• Exercise details: Apart from pictures, transcribe exactly each line from the one containing "Entrepreneurship and Management" through the final line of the listing below.

• Collected material:
╭──
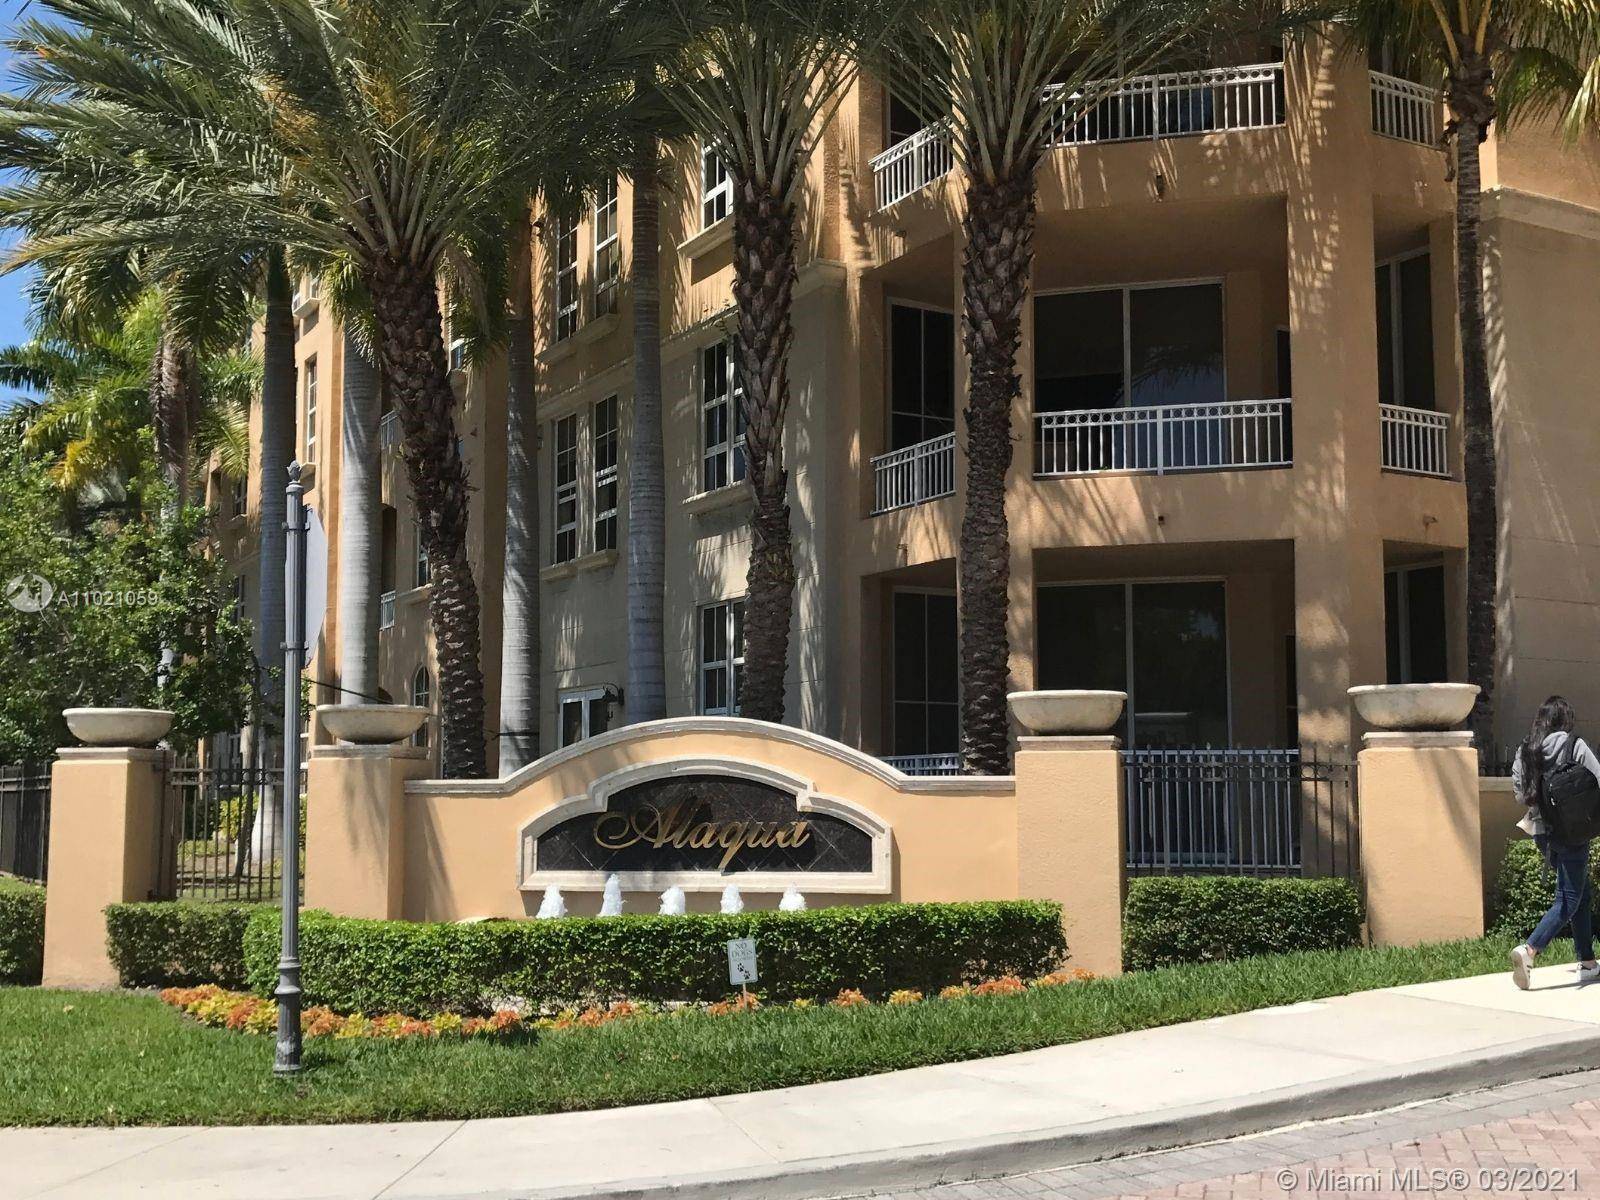 Comfortable 1 bed 1 bath apartment plus terrace located in the attractive Aventura area in the Mediterranean style Alaqua Condominio surrounding of lovely landscaped courtyards and near of the retailers, ...
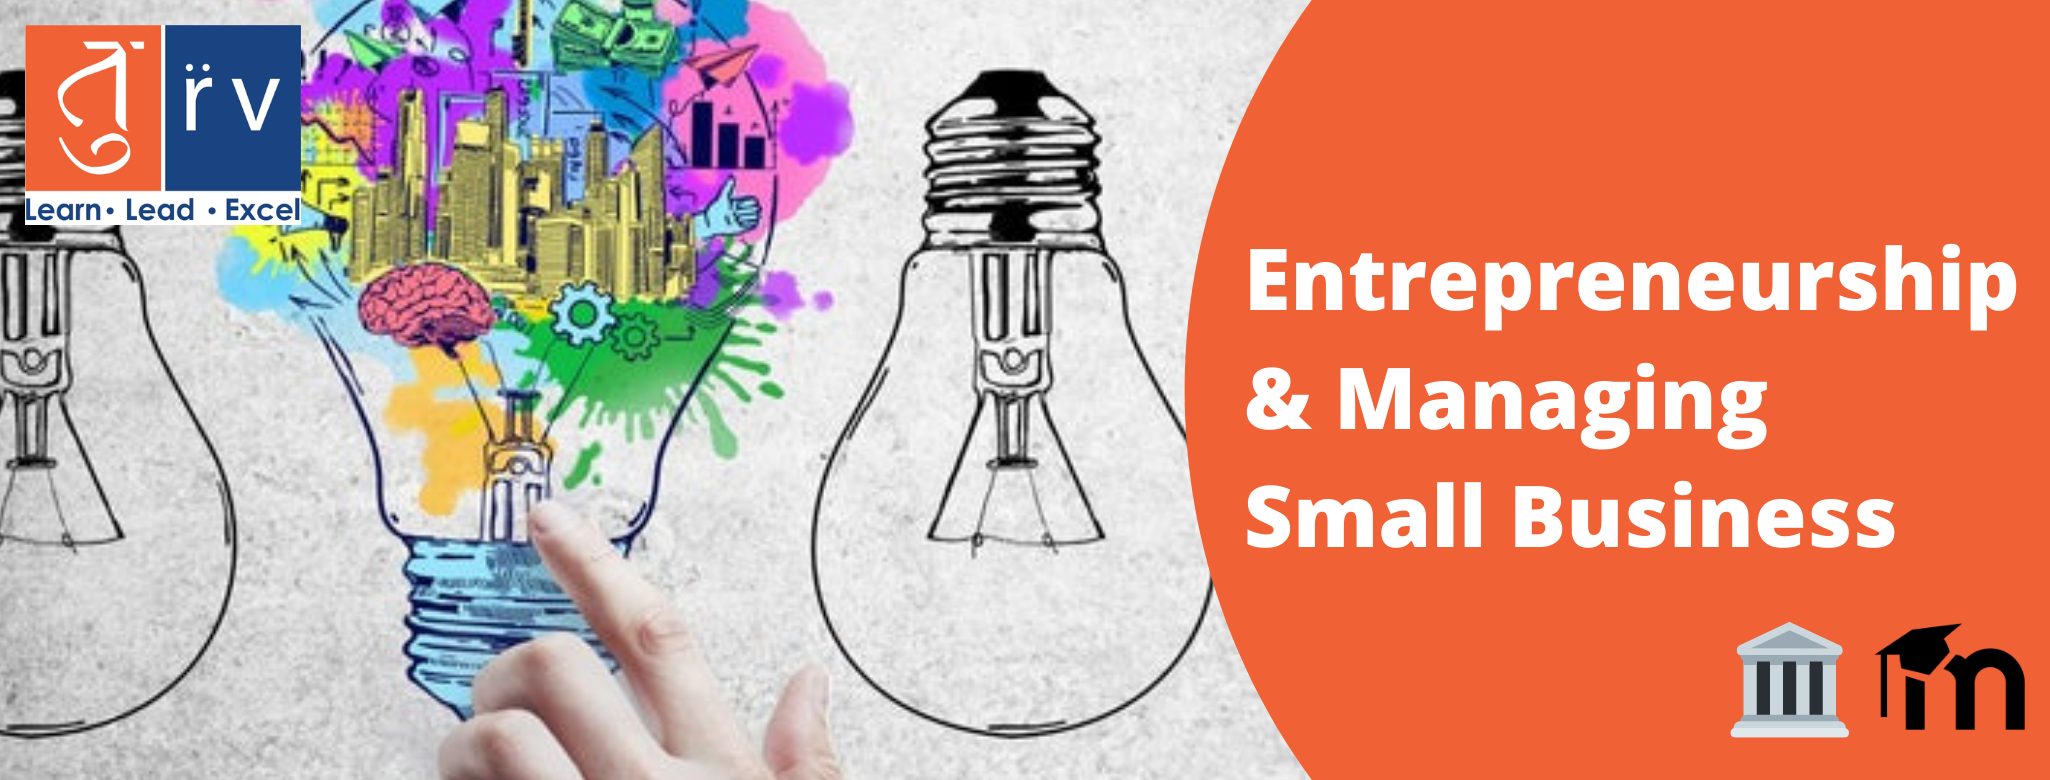 Entrepreneurship and Management of Small Business
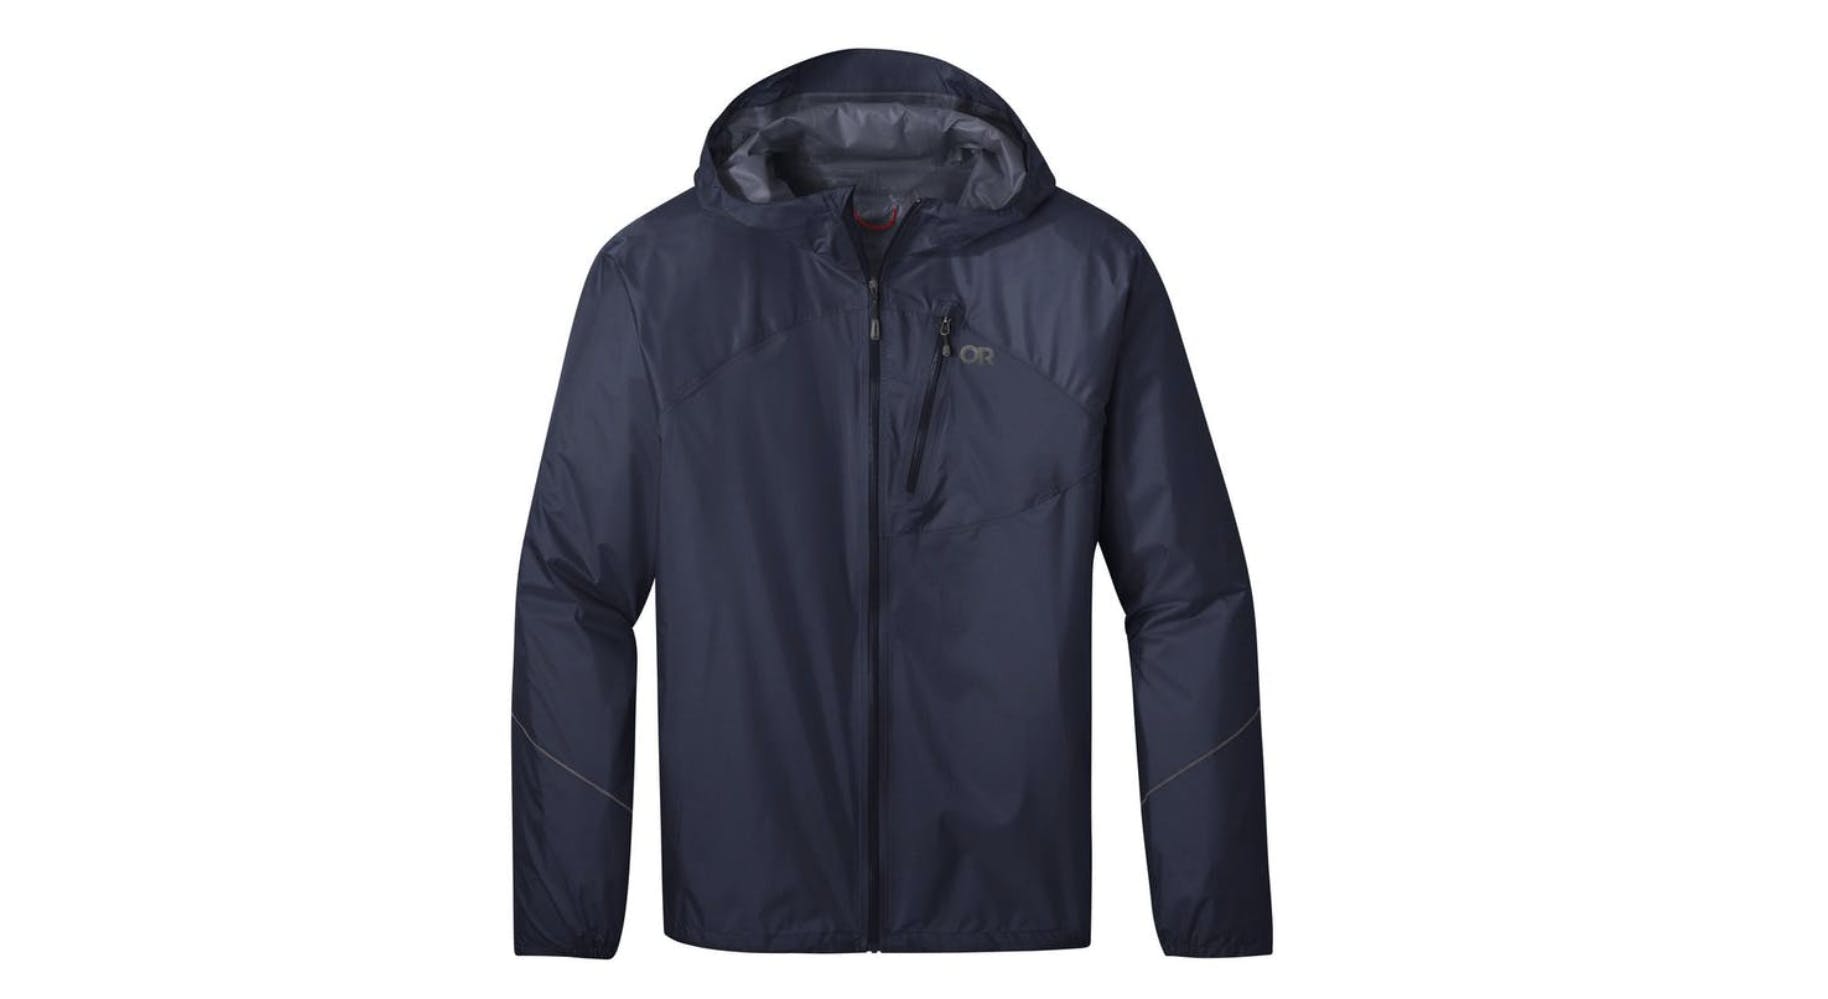 The Outdoor Research Helium Jacket in blue.
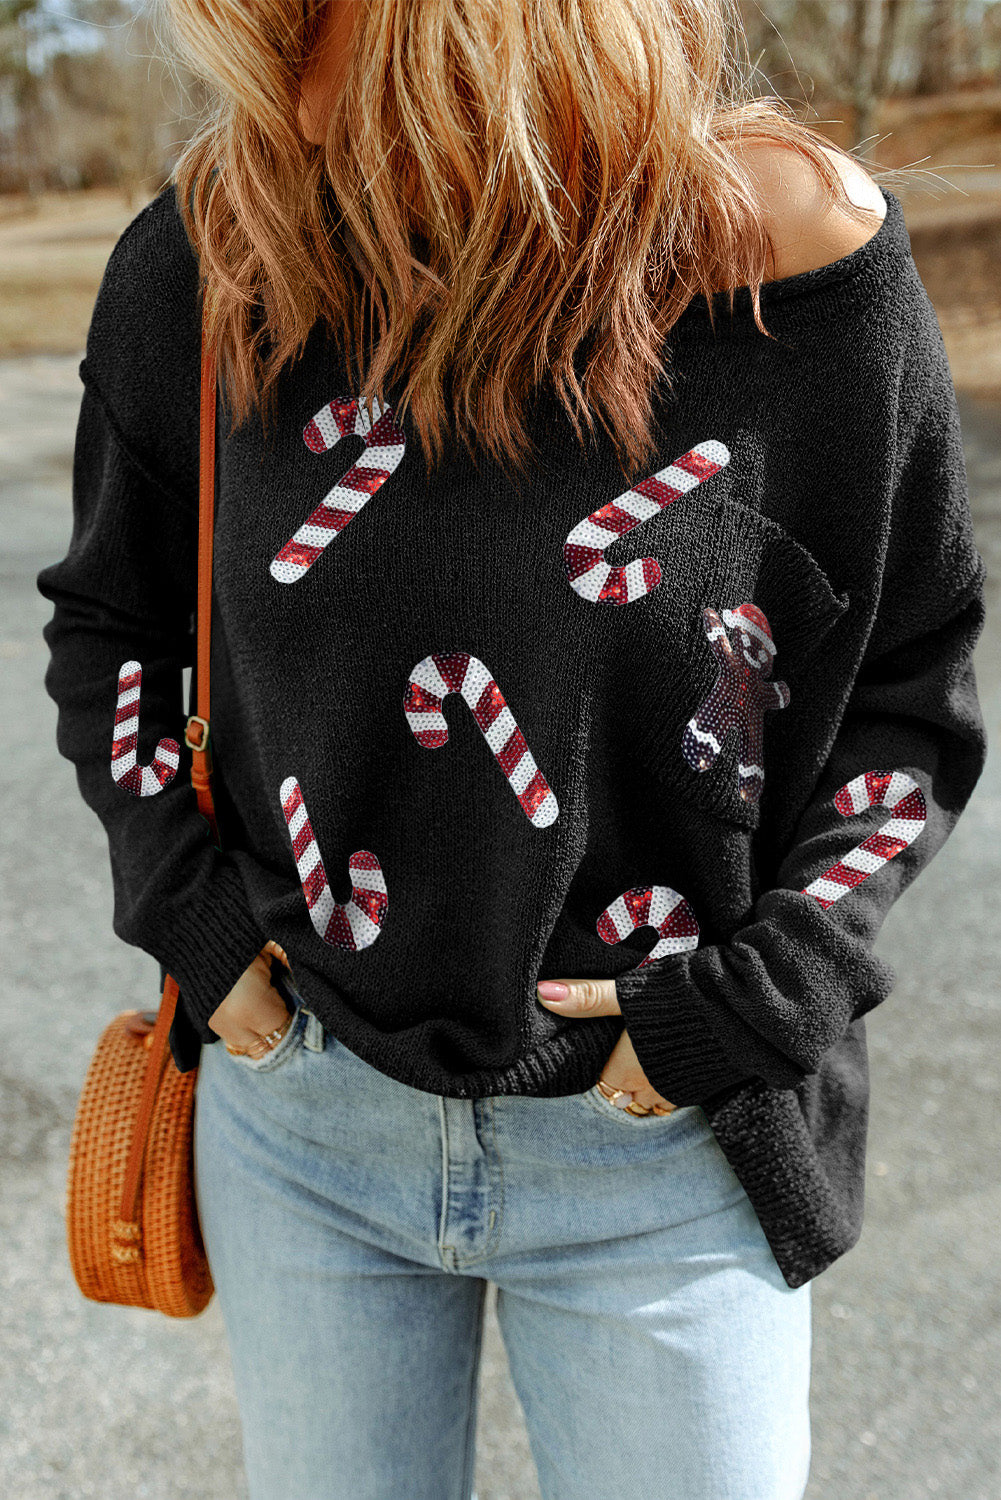 Black Sequined Candy Canes Gingerbread Man Sweater
╰──
• Solution:
 Entrepreneurship and Management of Small Business
 The Outdoor Research Helium Jacket in blue.
 Black Sequined Candy Canes Gingerbread Man Sweater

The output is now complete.